Il faut distinguer les éléments déclencheurs et les causes profondes (structurelles) de la révolte. L’annonce de la réforme de la sécurité sociale est venue se superposer au gigantesque incendie qui, deux semaines plus tôt, avait détruit une partie importante de la réserve Indio Maíz dans le sud du pays. Cette région, proche du tracé du mégaprojet d’un canal interocéanique, et même potentiellement incluse en son sein, est le théâtre de nombreux conflits, car indépendamment de son hypothétique réalisation, elle est convoitée par des entreprises (notamment de monocultures). La population locale, composée principalement de petits et moyens producteurEs, est farouchement rétive à un retour au salariat que préfigure l’arrivée de projets agro-exportateurs. Les protestations des groupes (plutôt urbains et juvéniles, sensibilisés aux thématiques environnementales) contre l’inefficacité du gouvernement à juguler l’incendie ont été traitées par le mépris et la menace, exercée systématiquement par les troupes de choc organisées au sein des Jeunesses sandinistes (JS) envers les manifestantEs (si peu nombreux soient-ils). L’agression violente contre un groupe de retraitéEs (soutenus par des étudiantEs) le 18 avril dernier a mis le feu aux poudres, reléguant au second plan la dimension sociale des protestations concernant la baisse des retraites (5 %). Selon un ami économiste, les lieux où l’indignation a été la plus forte correspondent à ceux qui ont été en première ligne lors de l’insurrection sandiniste contre la dictature somoziste en 1979. Ce constat renvoie, au-delà de toute interprétation idéologique, à ce que les gens perçoivent comme une intromission abusive et intolérable du pouvoir dans tous leurs espaces (contrôle social au travail, dans les quartiers, omniprésence dans les médias, etc.).
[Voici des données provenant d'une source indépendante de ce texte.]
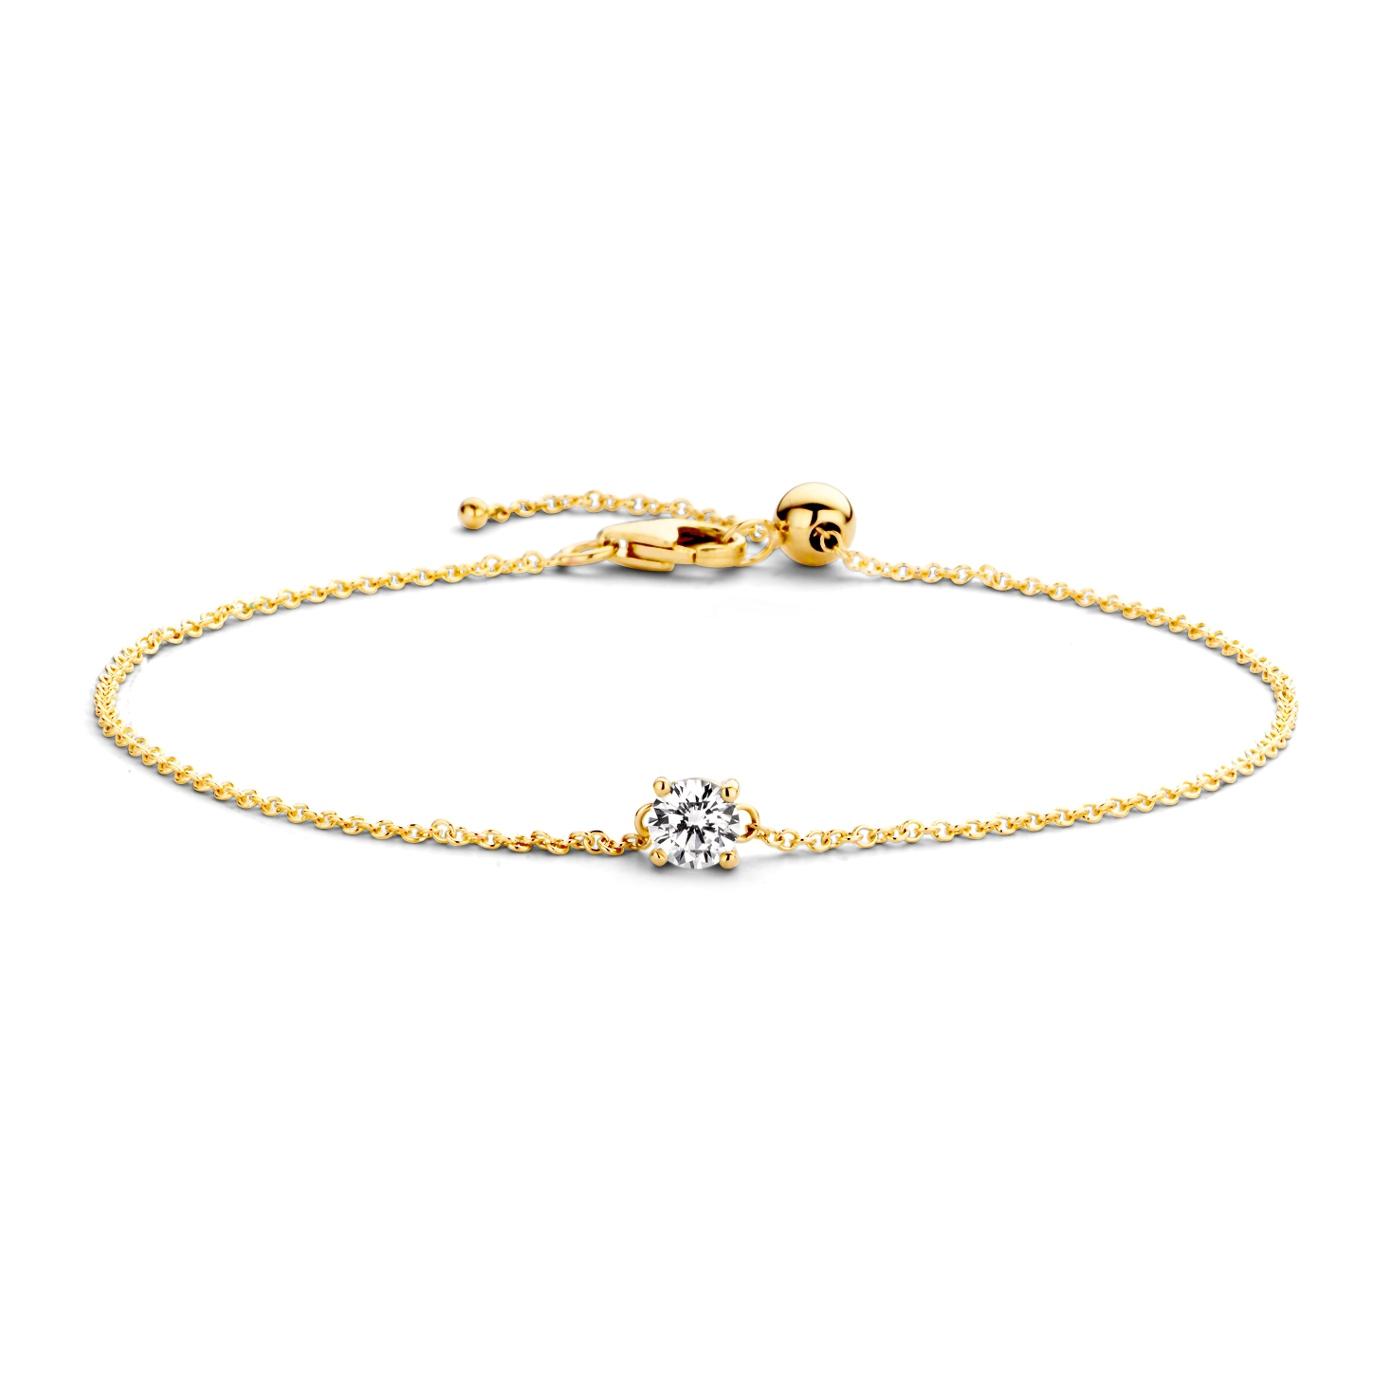 Afbeelding van Blush 14 Karaat Gouden Armband 2166YZI (Lengte: 18.00 cm)

CertainEs à gauche continuent à soutenir ce régime autoritaire et mafieux en insistant sur sa forte légitimité dans les urnes, sur son « anti-impérialisme » supposé et sur son bilan social : qu’en dis-tu ?
Le bilan social a reposé sur des politiques clientélistes (copiées sur le PRI au Mexique) envers les plus défavoriséEs. La tentative, par ailleurs louable, d’intégrer des membres de gangs (notamment à travers la formation de coopératives) s’est faite sur la base du -donnant-donnant. Lorsque la manne des pétrodollars vénézuéliens s’est tarie, la politique de la carotte s’est enrayée, n’offrant plus que le recours au bâton manié par la police et par ceux qui doivent tout au pouvoir en place (les fameuses « troupes » de choc). À l’autre bout de la chaîne, l’alliance avec le patronat a été scellée dès 2007. La paix sociale a été imposée aux syndicats par un constant chantage à l’emploi. Cela dit, l’union sacrée avec le patronat était vouée à la rupture dès lors que ce dernier a estimé qu’il en résulterait plus d’inconvénients que d’avantages. L’augmentation des cotisations sociales patronales prévues par la réforme actuelle a été le prétexte pour abandonner un navire qui prenait l’eau.
Existe-t-il des alternatives politiques et/ou sociales anticapitalistes ?
Le mouvement étudiant autoconvoqué rejette tous les partis, y compris la gauche, notamment réformiste qui s’est discréditée en s’alliant à la droite par le passé. Actuellement seul le Conseil supérieur de l’entreprise privée (Cosep) continue d’appeler à un dialogue que les manifestants ne veulent plus. On voit revenir sur le devant de la scène des cadres historiques sandinistes écartés du pouvoir par la vice-présidente, Rosario Murillo. Dans ce contexte, toutes les récupérations sont possibles, mais pas inéluctables. Ceux qui, ici, persistent à défendre la thèse « géostratégique » d’une offensive impérialiste contre un gouvernement « progressiste » se font les fossoyeurs des forces réellement à gauche qui, depuis des années, alertent sur les dérives du régime.